There is only one option — other than the automatic transmission: A GPS upgrade for the LCD infotainment system.
A word about this. . . .
The “Multi-Function Commander Control” input — which consists of a knob that you rotate/push and secondary buttons mounted on the center console — looks sharp but isn’t as functionally well-conceived as the rest of the car. Things that should only require one action — changing radio stations, for example — require multiple actions. To change stations, you first have to select the audio function, at which point a bar of options appears on the LCD screen. Next, use the mouse to scroll right to reach the << or >> to go up or down.
There ought to be just one knob for this.
Don’t blame Toyota, though. Blame Mazda. It’s their system. The same one you’ll find in other new Mazdas, incidentally.
The good news is certain often-used functions (such as volume control) can be controlled by secondary controls mounted on the steering wheel.
These steering wheel controls are also standard, by the way.
It sucks that Mazda’s line of Sky-D diesel engines are not (unlike Eddie Murphy) coming to America . . .either in Mazdas or Mazdas rebadged as Toyotas.
These engines — which are available in Japanese/European market Mazdas — are capable of 50-plus MPG, almost as good as a Prius hybrid, without the hybrid downsides of high up-front costs, weight and multiple powertrains (combustion engine, electric motor, battery pack).
Mazda — and other car companies that have diesels ready-to-go — are not ready to go here because of our EPA’s almost-impossible-to-comply-with diesel exhaust emissions regs.
Hence we get no diesels, in Mazdas. Or Toyota-Mazdas.
Speaking of which: Since Mazda no longer sells a subcompact sedan under its own label, the only way to get one is to buy this one. And here’s an interesting thought for you: The iA as an alternative to the Mazda3 — which is the smallest car Mazda sells under its own label.
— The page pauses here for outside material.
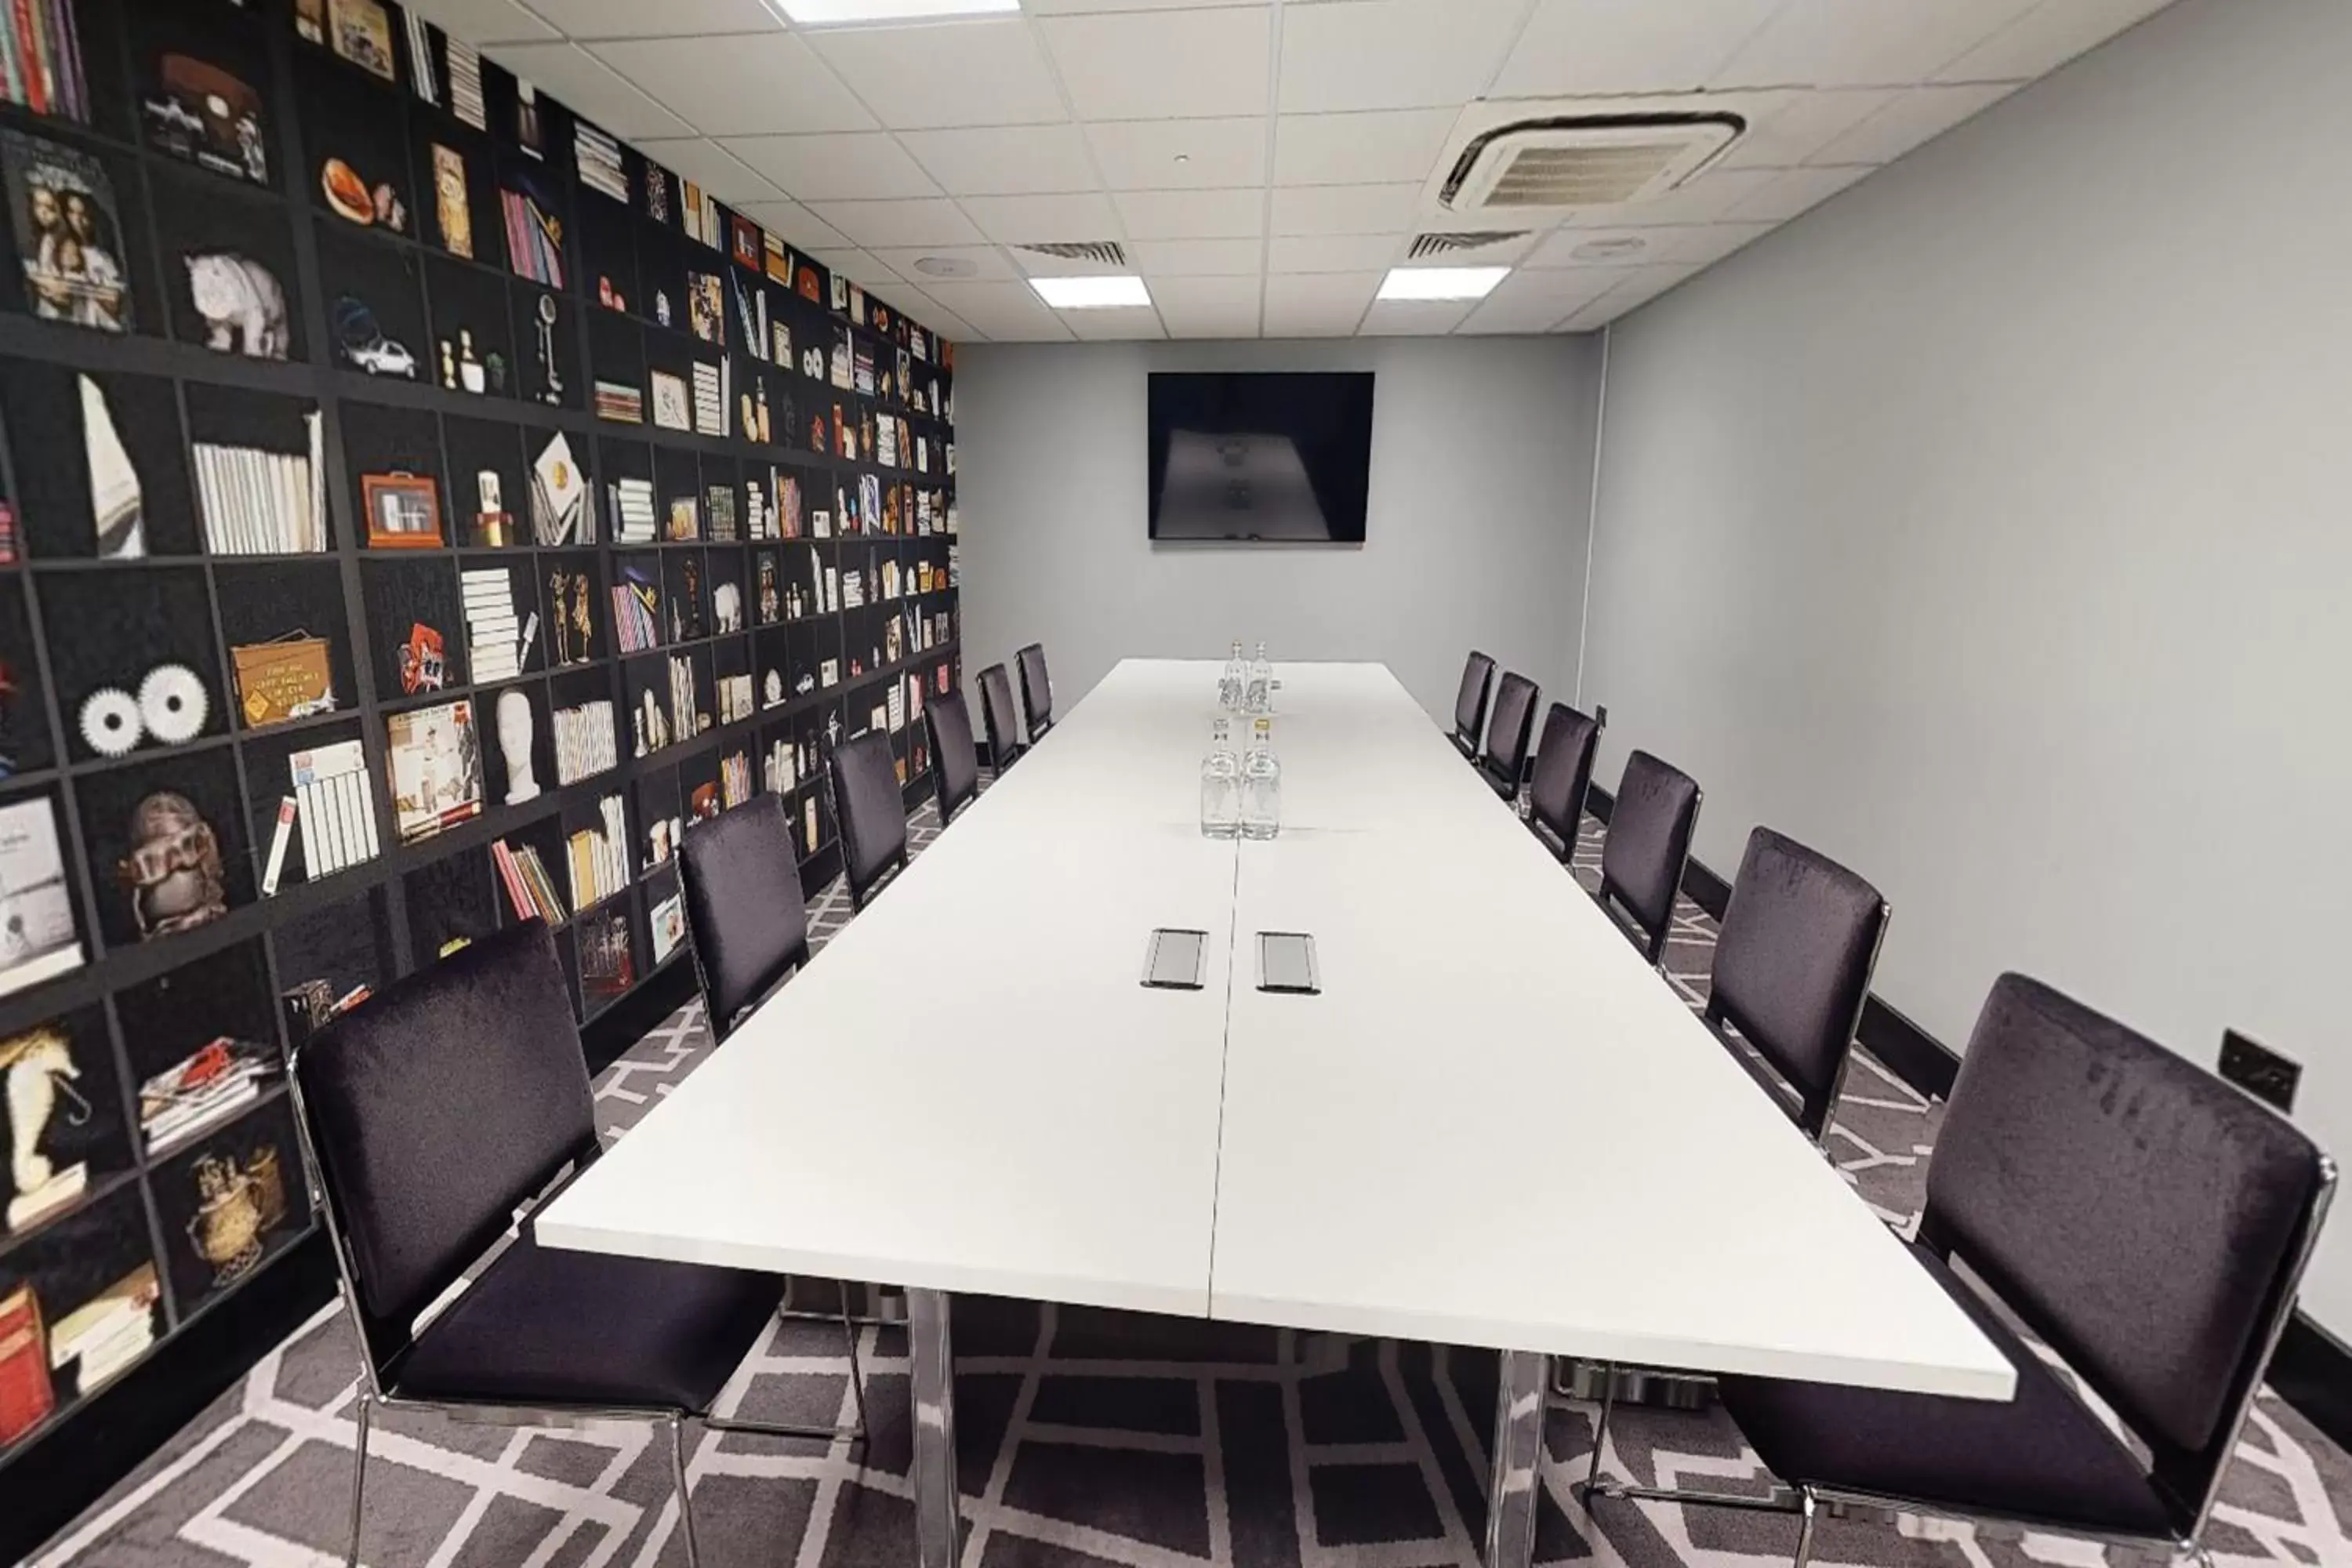 Meeting/conference room in Village Hotel Warrington

The Mazda3 is bigger outside — but only slightly more on the inside. It has about an inch more legroom for the backseaters and less than half an inch more such room up front.
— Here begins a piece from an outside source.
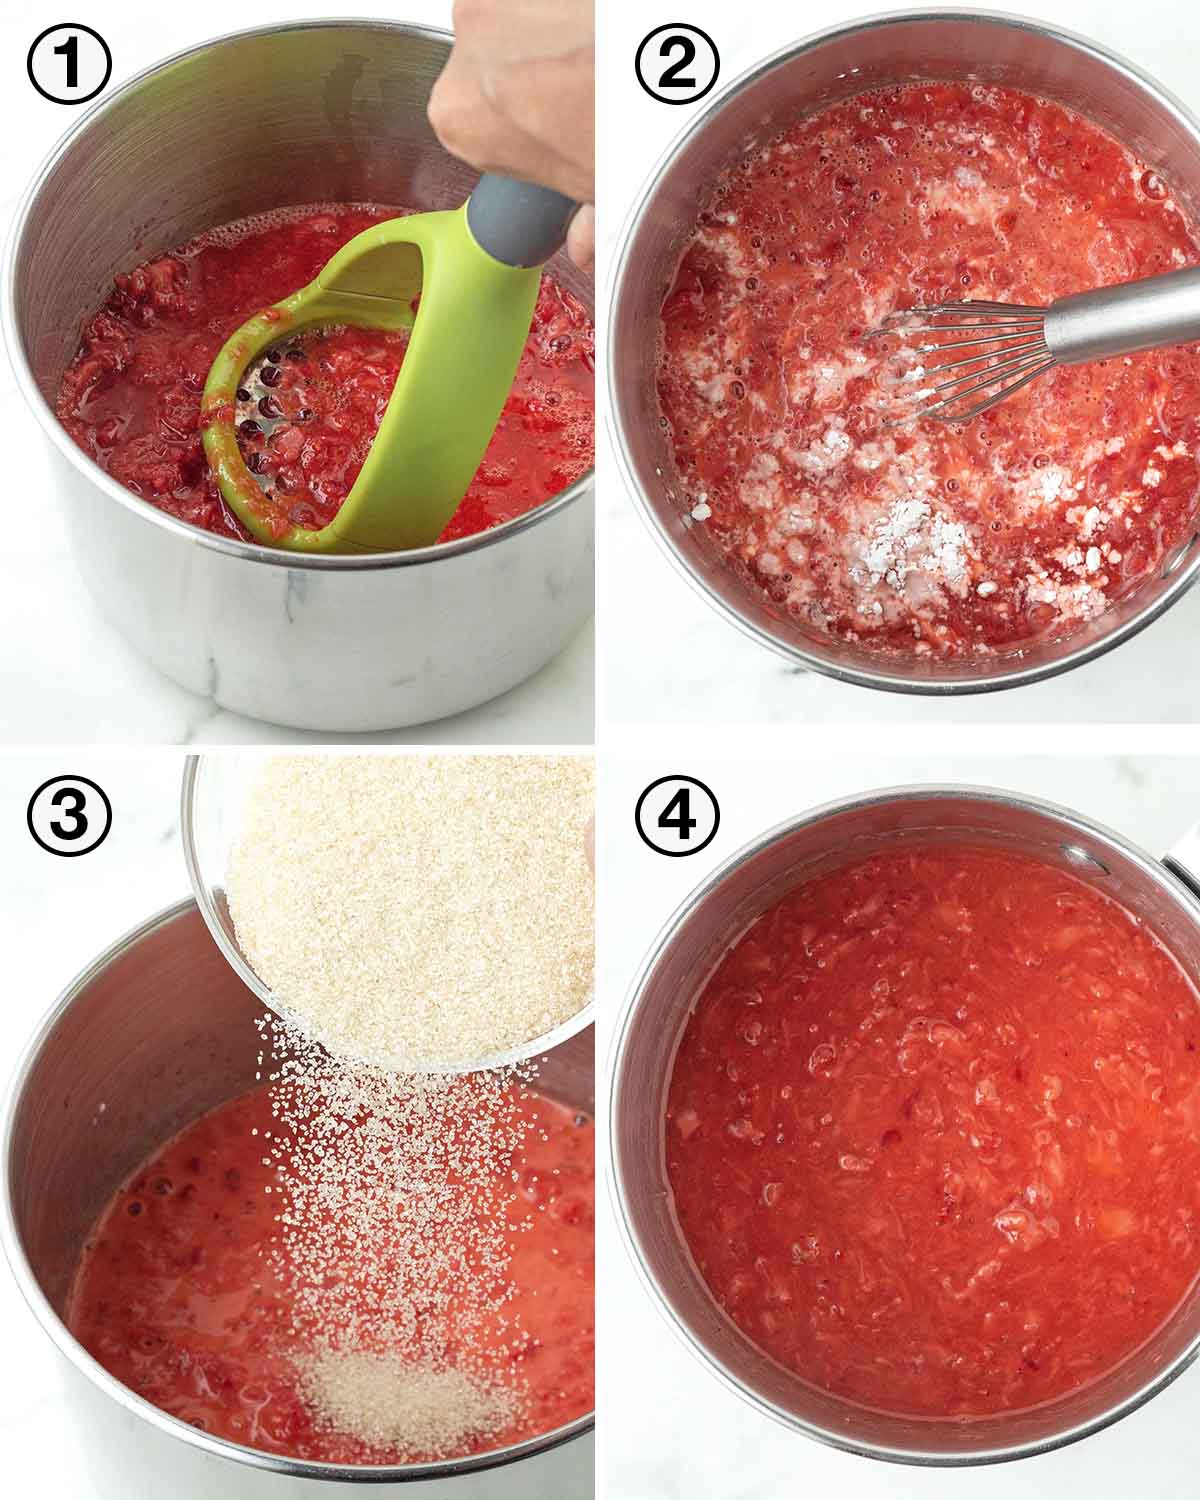 A collage of four images showing the first sequence of steps needed to make a vegan strawberry pie.

It actually has less cargo room (12.4 cubic feet) behind its back seats (it’s a hatchback rather than a sedan) and though it has more engine (155 hp) it also carries more curb weight (2,930 lbs.) and so it’s only marginally quicker — and its fuel economy, though good (28 city, 36 highway) isn’t quite as good as the Mazda2’s (oops, the iA’s).
The Mazda3’s base price — $17,845 — is also $1,895 higher than the iA’s.
THE BOTTOM LINE
The badge has changed, but the goodness remains the same.